Monday, May. 18, 1959
Handicap Winner
"I lead an ordinary life doing ordinary things," said the short, sandy-haired woman waiting to be called as an honored guest to the platform in Washington's resplendent Departmental Auditorium last week. "I'm just doing what other people are doing." Dr. Anne Carlsen, 43, was right in a way. She just does "what other people are doing," but with a difference: she does it with no arms, and with artificial legs. The President's Committee on Employment of the Physically Handicapped could have found no more logical recipient for its annual trophy award to the "Handicapped American of the Year."
When Anne Carlsen was born in Grantsburg, Wis., she had only stubs of arms ending above the elbow, her right leg ended above the knee, and the left was malformed, ending in a clubfoot. Left motherless at four, Anne got tireless encouragement from her father, an elder sister and four brothers. On a coaster wagon she learned to take part in a modified version of baseball. At eight she was pronounced ready for school, but only after a psychologist had gone over her and solemnly pronounced her "educable." Anne raced through two grades a year.
Kids Are Kinder. There was time out for a long hospital siege, to straighten out the contractures in Anne's one knee. She went home able to walk, but only with a device so clumsy that she soon discarded it. When she was in high school, her left leg was amputated below the knee. Then, with artificial legs and crutches, Anne could really walk. But as she advanced to college (St. Paul's Luther Junior College and the University of Minnesota), Anne found it harder to win acceptance than it had been among young children, and harder still to get the training she wanted to make her self-supporting as a teacher.
After discouraging years of baby-sitting and of writing, which brought only rejection slips, Anne Carlsen got the break she longed for: a chance to teach at a special school for crippled children in Fargo, N. Dak. The children, she found, quickly adjusted to her multiple .handicaps, soon seemed not to notice them. Summer studies won her an M.A., and in 1949 Anne Carlsen got her Ph.D. in education from Minnesota. The next year Dr. Carlsen moved in as superintendent of the Crippled Children's School, which had moved to Jamestown. N. Dak.

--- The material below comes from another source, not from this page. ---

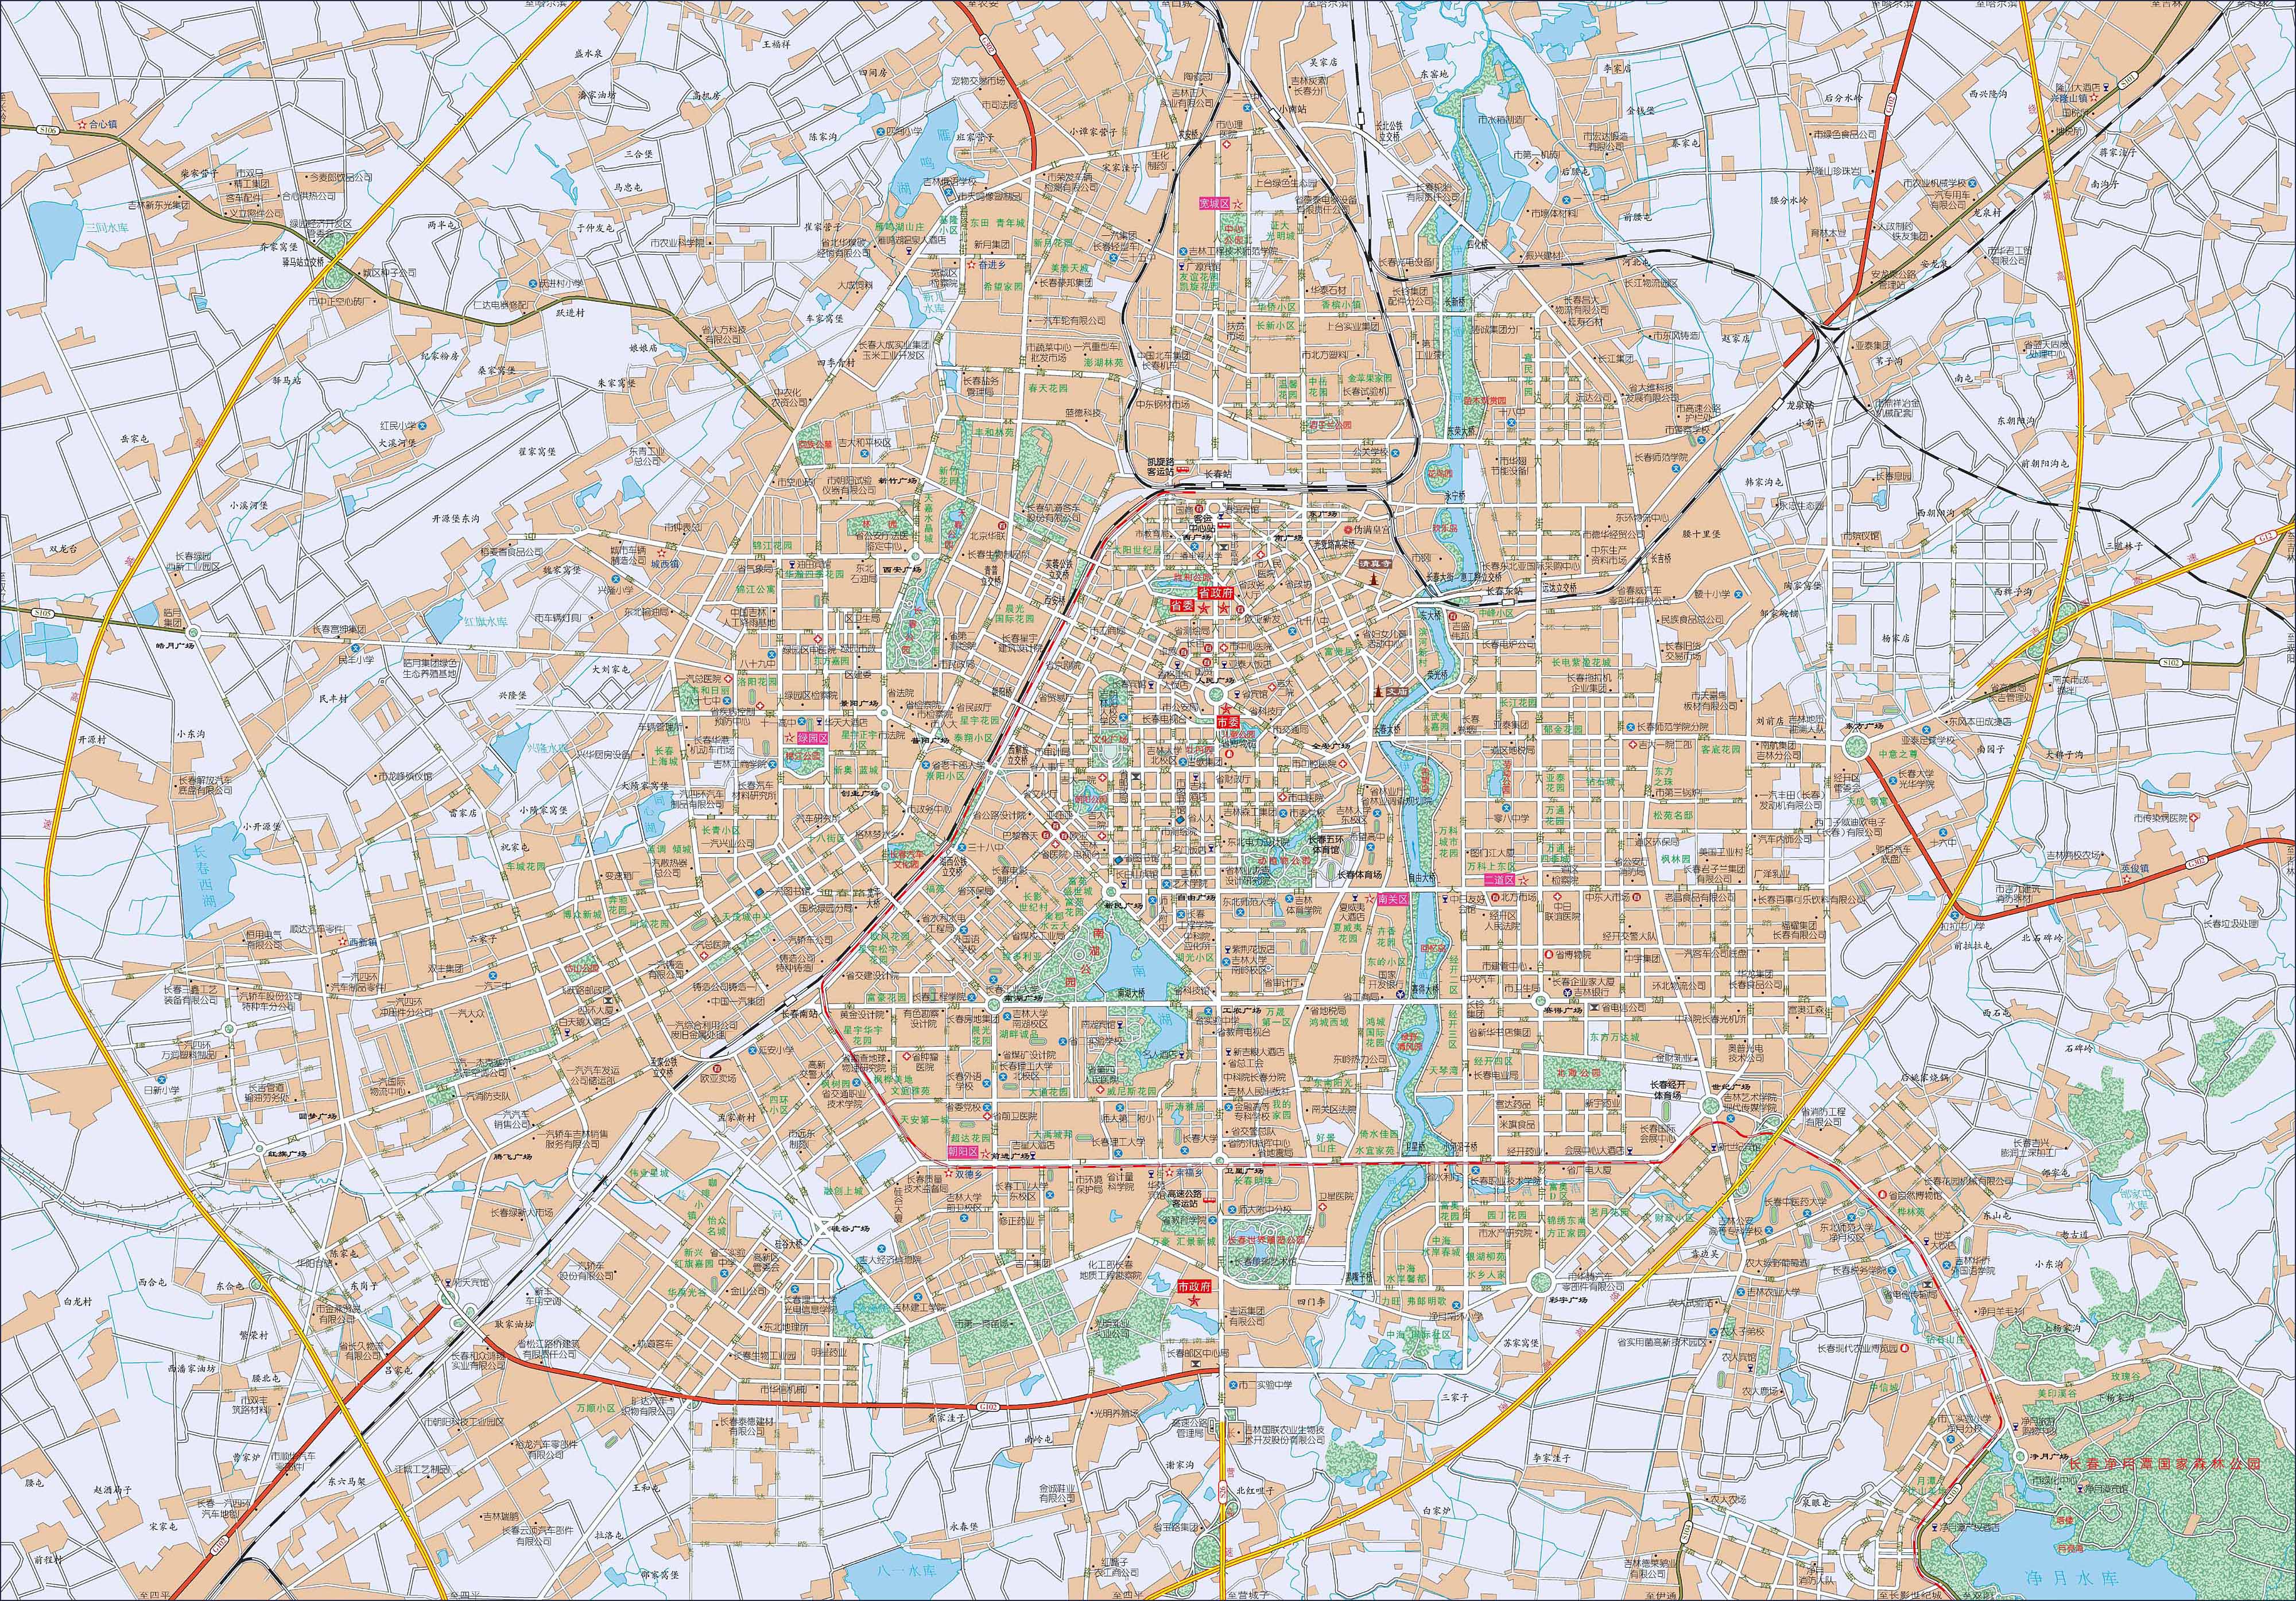 长春市城区地图

Driving Is More Fun. There she lives alone in a two-room apartment over the school. The one thing she leaves to others is cooking. In the office she usually dictates letters, though she has learned to write--far more legibly than most people with normal hands--with a special pen hooked to her stump. Dr. Carlsen attends conventions all over the country, traveling easily by plane or train if it is too far to drive. But driving she loves, in a car with special controls, like those for handicapped veterans. "It's the only thing I'm proud of," she says. And since Dr. Carlsen got her license in 1954, she has safely driven 42,000 miles.
But when Vice President Richard Nixon presented the trophy last week, Dr. Carlsen had no hands to receive it. Nixon held it while, with good poise on her crutches, she made an apt acceptance speech.